Singles: Ausgesondert oder verherrlicht?
Manche Singles werden sich freuen, wenn sie von einer gewissen Bella DePaulo hören. Die Dame ist Wissenschaftlerin und hat das getan, was Wissenschaftler üblicherweise tun, wenn sie mal richtig Kohle machen wollen: Sie hatte 2007 ein spektakuläres Buch geschrieben, von dem sie behauptete, dass es auf ihren Forschungen basiere. Der Titel ist lang:
“Singled Out: How Singles Are Stereotyped, Stigmatized, and Ignored, and Still Live Happily Ever After”
Es ist ein Loblied auf den Single und zugleich ein Angriff auf die Gesellschaftsordnung in den USA, die Ehepaare angeblich gegenüber Singles bevorzugt.
Weil auch das populärste Buch irgendwann einmal einen Nachfolger braucht, hat sie 2015 dann ein neues Buch veröffentlicht, wieder mit einem Bandwurmtitel:
Marriage vs. Single Life: How Science and the Media Got It So Wrong
Was sie uns sagen will, ist zwar dasselbe, aber anderes: Sowohl der Wissenschaftsbetrieb (dem sie ebenfalls angehört), wie auch die Medien (der Feind wir schon auf dem Titelbild deutlich) sehen alles ganz falsch.

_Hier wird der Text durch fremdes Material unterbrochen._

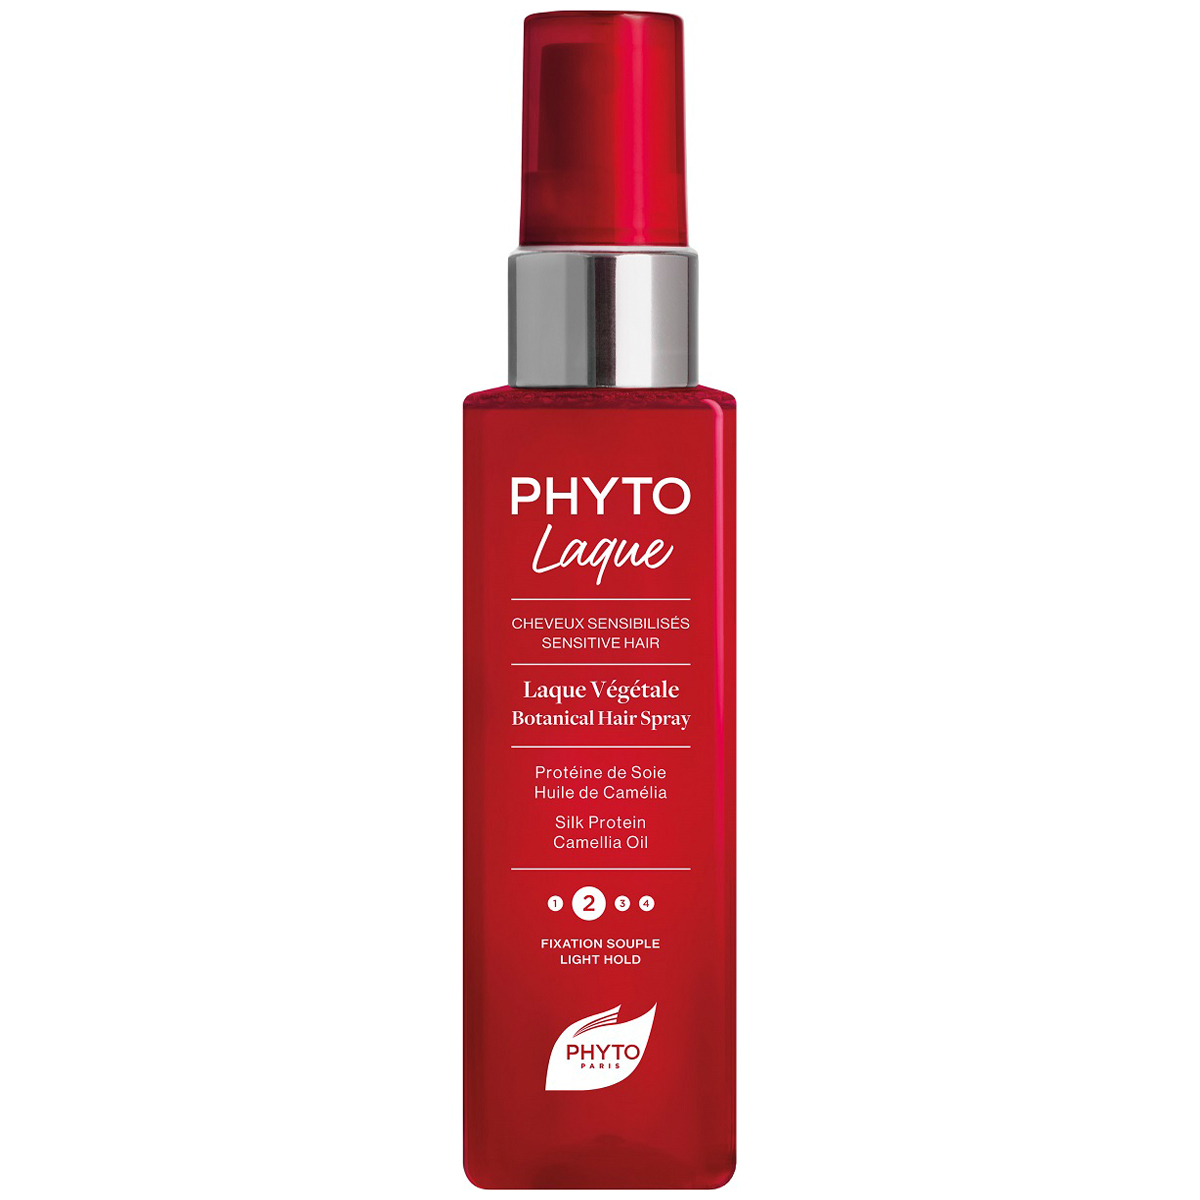 Phyto Растительный лак для волос с легкой фиксацией, 100 мл (Phyto, Phytolaque) phyto phytolaque лак для волос с средней сильной фиксацией 100 мл

Wer trägt die Schuld an der Desinformation: Wissenschaftler oder Medien?
Höre ich da „Lügenpresse, Lügenpresse?“ Sicher ist: Die Presse ist längst zur willfährigen Hure der Geisteswissenschaften geworden. Aber das gilt für ihre gesamte Bandbreite und beruht darauf, dass Redakteurinnen und Redakteure oftmals dazu gedrängt werden, den Unsinn zu veröffentlichen, denn die Quellen gelten als verlässlich.
Also: Nicht die Medien sind ursächlich schuld an dem Bullshit, der unters Volk kommt, sondern die Wissenschaftler. Denn ohne die Medien wären Geisteswissenschaftler heute kleine, oftmals kaum mehr beachtete Rädchen in einem riesigen Forschungsbetrieb, in dem sich die Unterschiede zwischen Sinn und Unsinn immer mehr verwischen. Und natürlich hilf Publicity beim Verkauf der eigenen Bücher.
Single-Verherrlichung ohne Sinn
Was will die Single-Verherrlicherin Bella DePaulo?
Sie sagt es ein einem Satz:
Als Single zu leben erlaubt es ihnen, die beste, erfüllendste Version ihres Lebens zu leben. So authentisch und wertvoll, wie sie es sich vorstellen.
Das ist –wie man deutlich erkennen kann – ein Mantra, aber keine Tatsache. Und in dieser Form geht es auch gleich weiter, denn Frau DePaulo bestreitet, dass Menschen in Beziehungen glücklicher Leben als Singles. Von der Wissenschaft würden immer nur diejenigen befragt, deren Ehe gehalten habe, während die Geschiedenen den Singles zugerechnet würden. Und überhaupt – ist die Scheidungsrate nicht der Beweis dafür, dass Ehen nicht so glücklich machen, wie behauptet wird?
All das klingt eher nach einer Kampagne als nach seriöser Forschung. Wobei der Begriff „seriös“ natürlich dehnbar ist. Wer die entsprechenden Wörter wie „Glück“ und „Liebe“ beliebig lang und breit ziehen kann, kann sie auch mit beliebigen Zielen „beforschen“.
Und dann heißt es eben:
Singles haben ein anderes, breiteres Verständnis für Beziehungen und Liebe, deshalb stehen sie ihren Freunden und Verwandten, aber auch Nachbarn und Bekannten oft näher.
Gut – und was lernen wir daraus als Singles und als Verheiratete?
Sollen sich Singles also ein „Breites Verhältnis für die Liebe“ ausdenken? Ein bisschen herumferkeln mit Liebe: Hier ein bisschen trösten, dort ein bisschen vögeln? Hier ein Blümchen schenken, dort eine Grabrede halten?
Wenn Sie meinen, dass dies so gut und richtig ist, dann kann ich Sie nicht daran hindern. Aber eines kann ich Ihnen verraten: Synergien, die aus Zweierbeziehung erwachsen, entstehen dadurch nicht. Sondern nur ein zerklüftetes, unzuverlässiges pseudo-soziales „Netzwerk“, in dem gerade die Interessen verwirklicht werden, die jemandem gerade in den Kram passen.